Exercise aim.
From the first line to the last, write out the material verbatim.
┄┄┄┄┄┄┄┄┄┄┄┄┄┄┄┄┄┄┄┄
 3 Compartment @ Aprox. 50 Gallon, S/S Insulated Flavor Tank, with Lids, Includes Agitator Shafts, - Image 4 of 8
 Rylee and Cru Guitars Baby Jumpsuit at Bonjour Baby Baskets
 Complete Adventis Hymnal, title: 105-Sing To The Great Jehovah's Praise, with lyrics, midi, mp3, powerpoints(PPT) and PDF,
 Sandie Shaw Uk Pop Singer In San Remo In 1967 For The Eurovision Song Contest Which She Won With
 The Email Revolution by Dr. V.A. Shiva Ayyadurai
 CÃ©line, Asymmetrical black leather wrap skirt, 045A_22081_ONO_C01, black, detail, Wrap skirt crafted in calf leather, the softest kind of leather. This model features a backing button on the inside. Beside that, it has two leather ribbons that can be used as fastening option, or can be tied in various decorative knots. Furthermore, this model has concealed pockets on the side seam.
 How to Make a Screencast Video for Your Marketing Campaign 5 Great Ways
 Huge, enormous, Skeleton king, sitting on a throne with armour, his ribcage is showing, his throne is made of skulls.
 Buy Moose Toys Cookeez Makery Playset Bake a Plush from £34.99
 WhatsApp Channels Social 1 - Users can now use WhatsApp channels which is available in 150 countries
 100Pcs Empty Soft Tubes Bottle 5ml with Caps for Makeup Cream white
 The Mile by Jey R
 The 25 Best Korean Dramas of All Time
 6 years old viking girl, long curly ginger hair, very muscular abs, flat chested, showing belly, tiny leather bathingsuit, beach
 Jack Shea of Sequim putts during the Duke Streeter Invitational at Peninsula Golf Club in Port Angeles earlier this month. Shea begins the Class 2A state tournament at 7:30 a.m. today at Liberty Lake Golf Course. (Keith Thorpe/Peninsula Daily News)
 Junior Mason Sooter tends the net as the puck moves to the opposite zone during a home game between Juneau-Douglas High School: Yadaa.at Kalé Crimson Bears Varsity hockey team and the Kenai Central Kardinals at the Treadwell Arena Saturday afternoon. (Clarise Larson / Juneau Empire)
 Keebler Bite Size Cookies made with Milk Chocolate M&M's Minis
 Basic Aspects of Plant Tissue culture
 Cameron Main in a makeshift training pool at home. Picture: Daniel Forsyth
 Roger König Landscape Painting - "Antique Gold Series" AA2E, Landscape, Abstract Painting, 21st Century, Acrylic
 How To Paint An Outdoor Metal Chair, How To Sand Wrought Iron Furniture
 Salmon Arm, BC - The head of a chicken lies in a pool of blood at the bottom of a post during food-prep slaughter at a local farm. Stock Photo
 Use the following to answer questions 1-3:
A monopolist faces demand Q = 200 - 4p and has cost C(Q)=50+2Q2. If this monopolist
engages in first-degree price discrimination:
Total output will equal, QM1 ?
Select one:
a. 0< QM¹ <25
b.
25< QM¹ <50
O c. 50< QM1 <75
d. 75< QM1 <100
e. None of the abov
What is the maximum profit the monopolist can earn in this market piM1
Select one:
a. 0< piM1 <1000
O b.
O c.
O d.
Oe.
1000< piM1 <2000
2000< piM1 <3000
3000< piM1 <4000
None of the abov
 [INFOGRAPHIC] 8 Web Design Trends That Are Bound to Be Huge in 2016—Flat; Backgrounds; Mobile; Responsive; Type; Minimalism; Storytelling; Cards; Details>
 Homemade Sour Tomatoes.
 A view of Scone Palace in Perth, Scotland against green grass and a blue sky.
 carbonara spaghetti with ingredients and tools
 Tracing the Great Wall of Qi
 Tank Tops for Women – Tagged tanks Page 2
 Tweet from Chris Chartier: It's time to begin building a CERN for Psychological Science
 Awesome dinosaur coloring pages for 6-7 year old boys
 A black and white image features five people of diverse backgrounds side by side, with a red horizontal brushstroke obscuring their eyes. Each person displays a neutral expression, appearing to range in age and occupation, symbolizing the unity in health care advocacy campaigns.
┄┄┄┄┄┄┄┄┄┄┄┄┄┄┄┄┄┄┄┄
Solution for this problem.
 3 Compartment @ Aprox. 50 Gallon, S/S Insulated Flavor Tank, with Lids, Includes Agitator Shafts, - Image 4 of 8
 Rylee and Cru Guitars Baby Jumpsuit at Bonjour Baby Baskets
 Complete Adventis Hymnal, title: 105-Sing To The Great Jehovah's Praise, with lyrics, midi, mp3, powerpoints(PPT) and PDF,
 Sandie Shaw Uk Pop Singer In San Remo In 1967 For The Eurovision Song Contest Which She Won With
 The Email Revolution by Dr. V.A. Shiva Ayyadurai
 CÃ©line, Asymmetrical black leather wrap skirt, 045A_22081_ONO_C01, black, detail, Wrap skirt crafted in calf leather, the softest kind of leather. This model features a backing button on the inside. Beside that, it has two leather ribbons that can be used as fastening option, or can be tied in various decorative knots. Furthermore, this model has concealed pockets on the side seam.
 How to Make a Screencast Video for Your Marketing Campaign 5 Great Ways
 Huge, enormous, Skeleton king, sitting on a throne with armour, his ribcage is showing, his throne is made of skulls.
 Buy Moose Toys Cookeez Makery Playset Bake a Plush from £34.99
 WhatsApp Channels Social 1 - Users can now use WhatsApp channels which is available in 150 countries
 100Pcs Empty Soft Tubes Bottle 5ml with Caps for Makeup Cream white
 The Mile by Jey R
 The 25 Best Korean Dramas of All Time
 6 years old viking girl, long curly ginger hair, very muscular abs, flat chested, showing belly, tiny leather bathingsuit, beach
 Jack Shea of Sequim putts during the Duke Streeter Invitational at Peninsula Golf Club in Port Angeles earlier this month. Shea begins the Class 2A state tournament at 7:30 a.m. today at Liberty Lake Golf Course. (Keith Thorpe/Peninsula Daily News)
 Junior Mason Sooter tends the net as the puck moves to the opposite zone during a home game between Juneau-Douglas High School: Yadaa.at Kalé Crimson Bears Varsity hockey team and the Kenai Central Kardinals at the Treadwell Arena Saturday afternoon. (Clarise Larson / Juneau Empire)
 Keebler Bite Size Cookies made with Milk Chocolate M&M's Minis
 Basic Aspects of Plant Tissue culture
 Cameron Main in a makeshift training pool at home. Picture: Daniel Forsyth
 Roger König Landscape Painting - "Antique Gold Series" AA2E, Landscape, Abstract Painting, 21st Century, Acrylic
 How To Paint An Outdoor Metal Chair, How To Sand Wrought Iron Furniture
 Salmon Arm, BC - The head of a chicken lies in a pool of blood at the bottom of a post during food-prep slaughter at a local farm. Stock Photo
 Use the following to answer questions 1-3:
A monopolist faces demand Q = 200 - 4p and has cost C(Q)=50+2Q2. If this monopolist
engages in first-degree price discrimination:
Total output will equal, QM1 ?
Select one:
a. 0< QM¹ <25
b.
25< QM¹ <50
O c. 50< QM1 <75
d. 75< QM1 <100
e. None of the abov
What is the maximum profit the monopolist can earn in this market piM1
Select one:
a. 0< piM1 <1000
O b.
O c.
O d.
Oe.
1000< piM1 <2000
2000< piM1 <3000
3000< piM1 <4000
None of the abov
 [INFOGRAPHIC] 8 Web Design Trends That Are Bound to Be Huge in 2016—Flat; Backgrounds; Mobile; Responsive; Type; Minimalism; Storytelling; Cards; Details>
 Homemade Sour Tomatoes.
 A view of Scone Palace in Perth, Scotland against green grass and a blue sky.
 carbonara spaghetti with ingredients and tools
 Tracing the Great Wall of Qi
 Tank Tops for Women – Tagged tanks Page 2
 Tweet from Chris Chartier: It's time to begin building a CERN for Psychological Science
 Awesome dinosaur coloring pages for 6-7 year old boys
 A black and white image features five people of diverse backgrounds side by side, with a red horizontal brushstroke obscuring their eyes. Each person displays a neutral expression, appearing to range in age and occupation, symbolizing the unity in health care advocacy campaigns.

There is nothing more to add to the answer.